◆ **Try it**: Pictures in the listing below are skipped, while the lines from the "Akumulatorowa lampa LED" line through the "Zuora logo large (transparent PNG)" line are returned word for word.

◆ **Data extracts**:

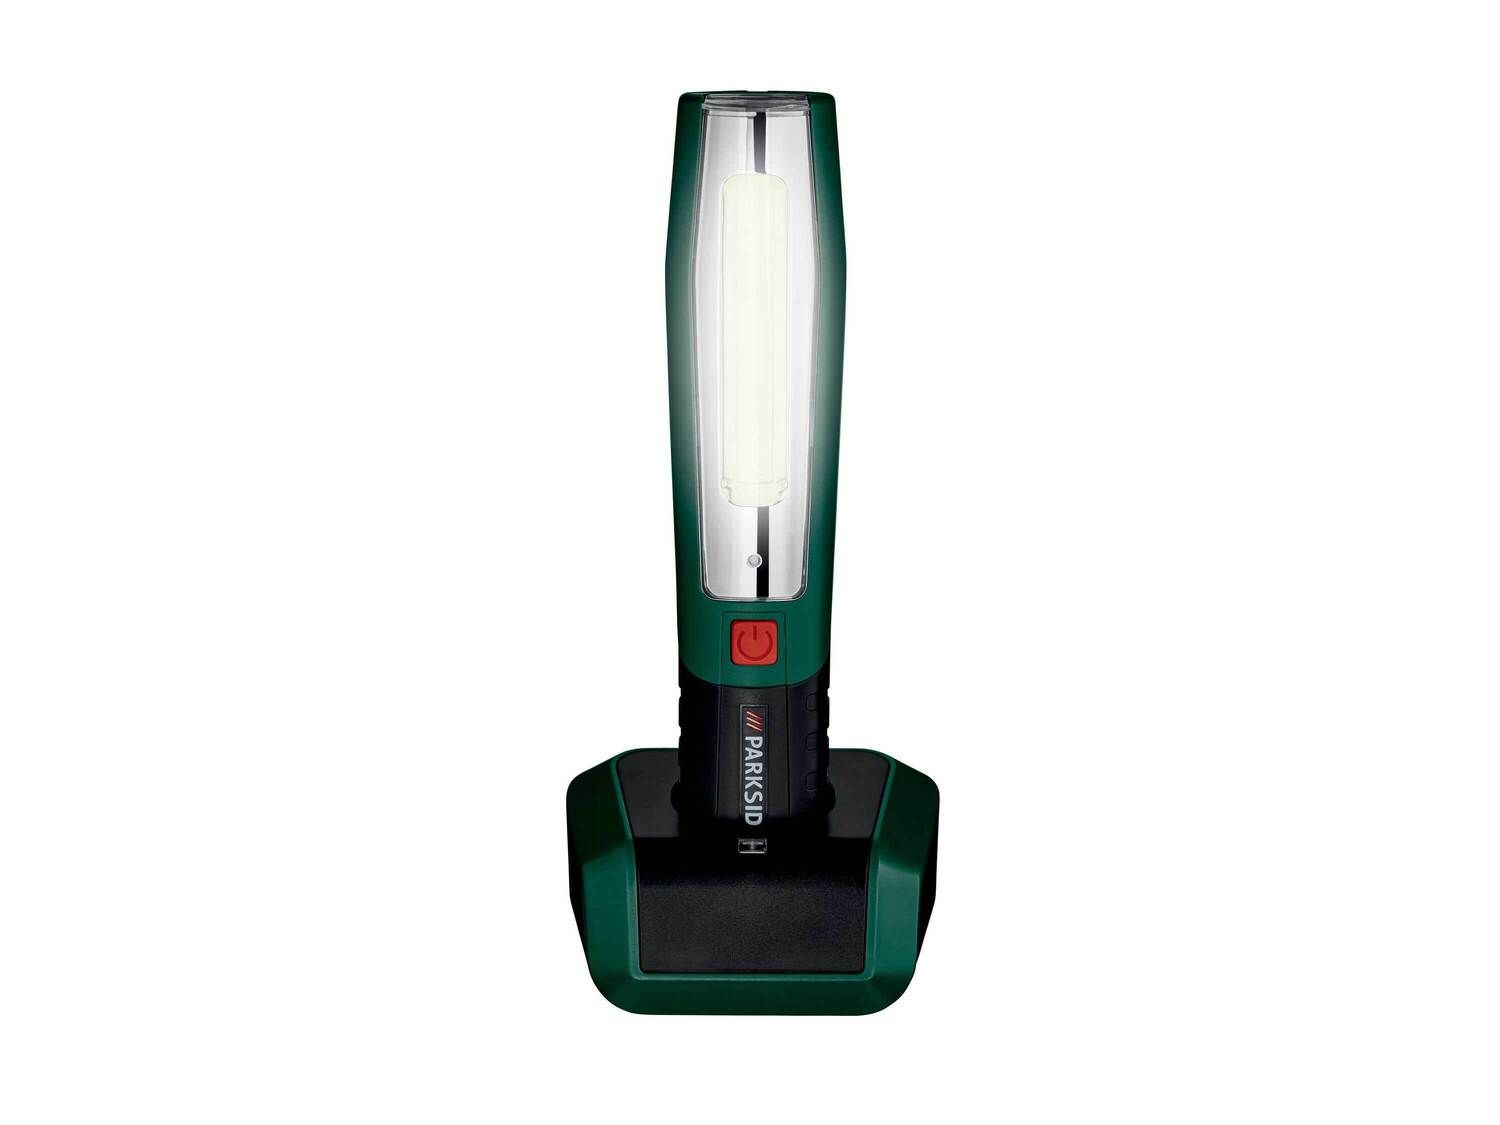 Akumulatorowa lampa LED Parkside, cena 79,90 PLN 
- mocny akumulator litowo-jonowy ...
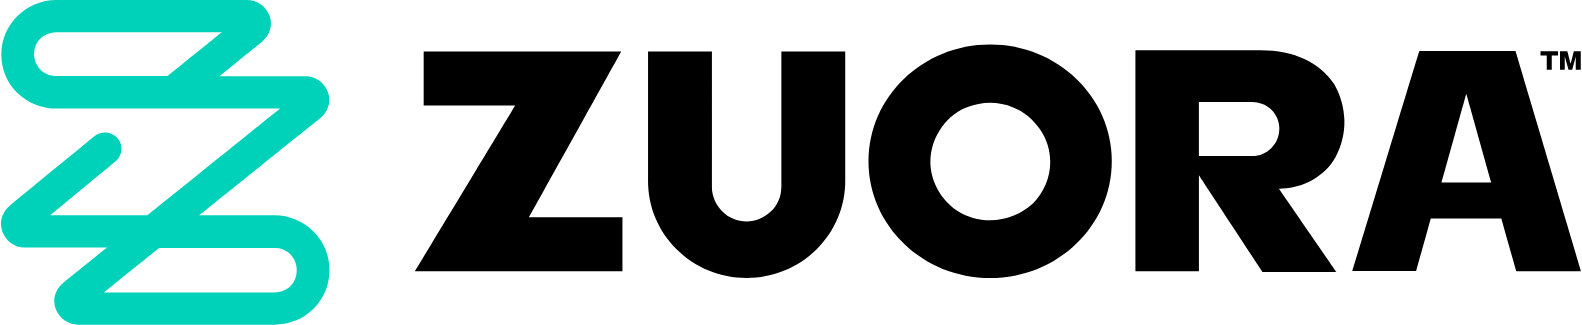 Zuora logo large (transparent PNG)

...

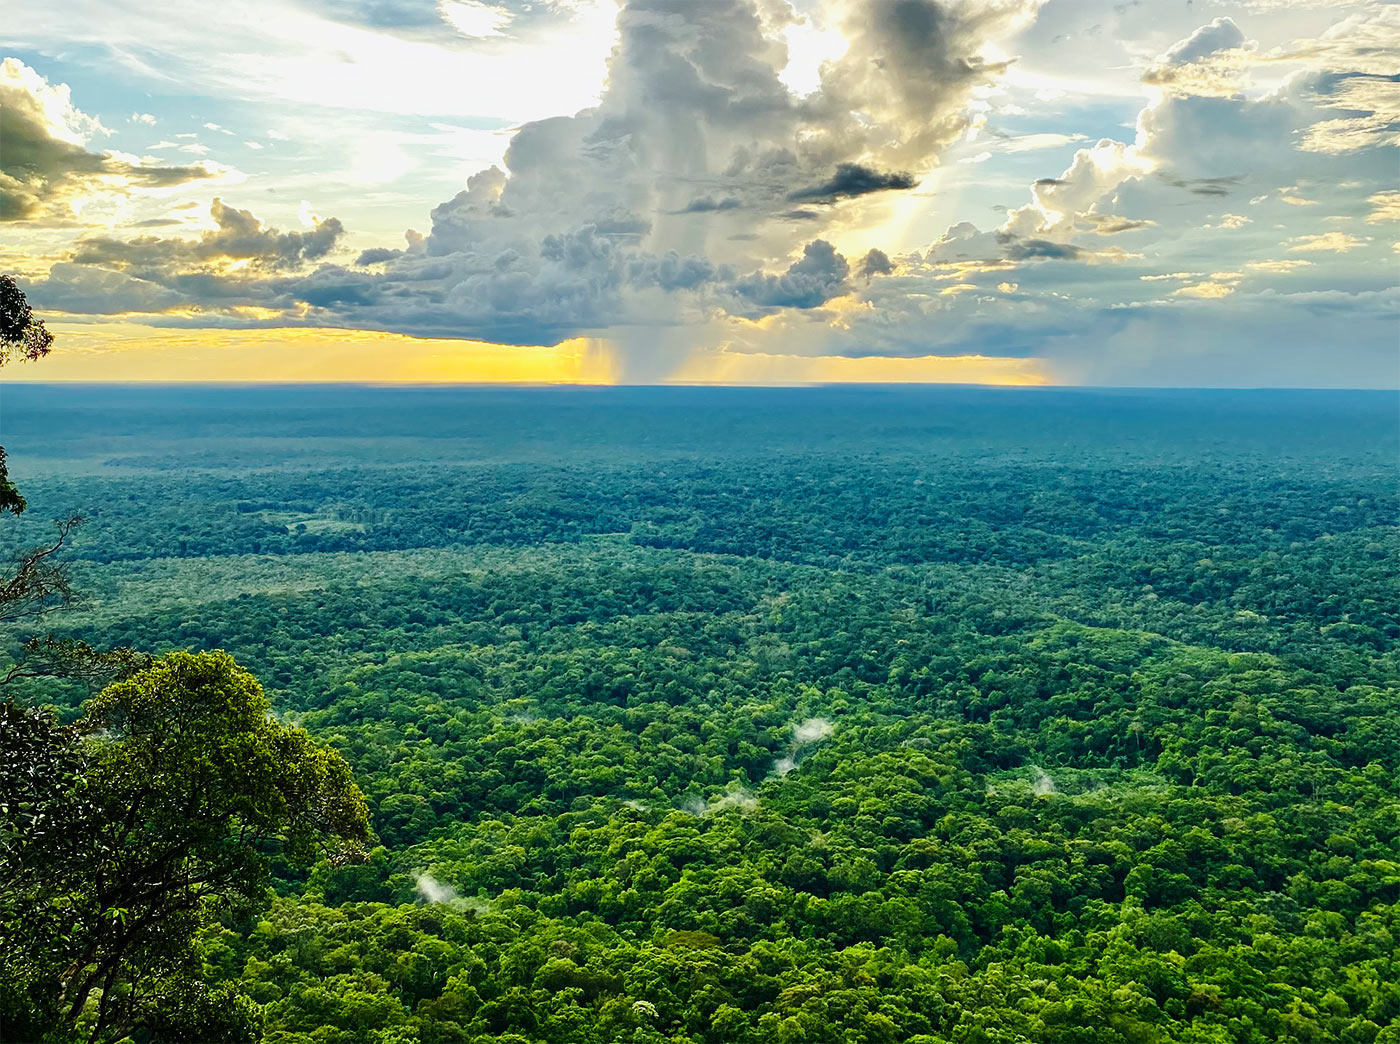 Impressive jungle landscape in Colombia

◆ **Exercise output**:
 Akumulatorowa lampa LED Parkside, cena 79,90 PLN 
- mocny akumulator litowo-jonowy ...
 Zuora logo large (transparent PNG)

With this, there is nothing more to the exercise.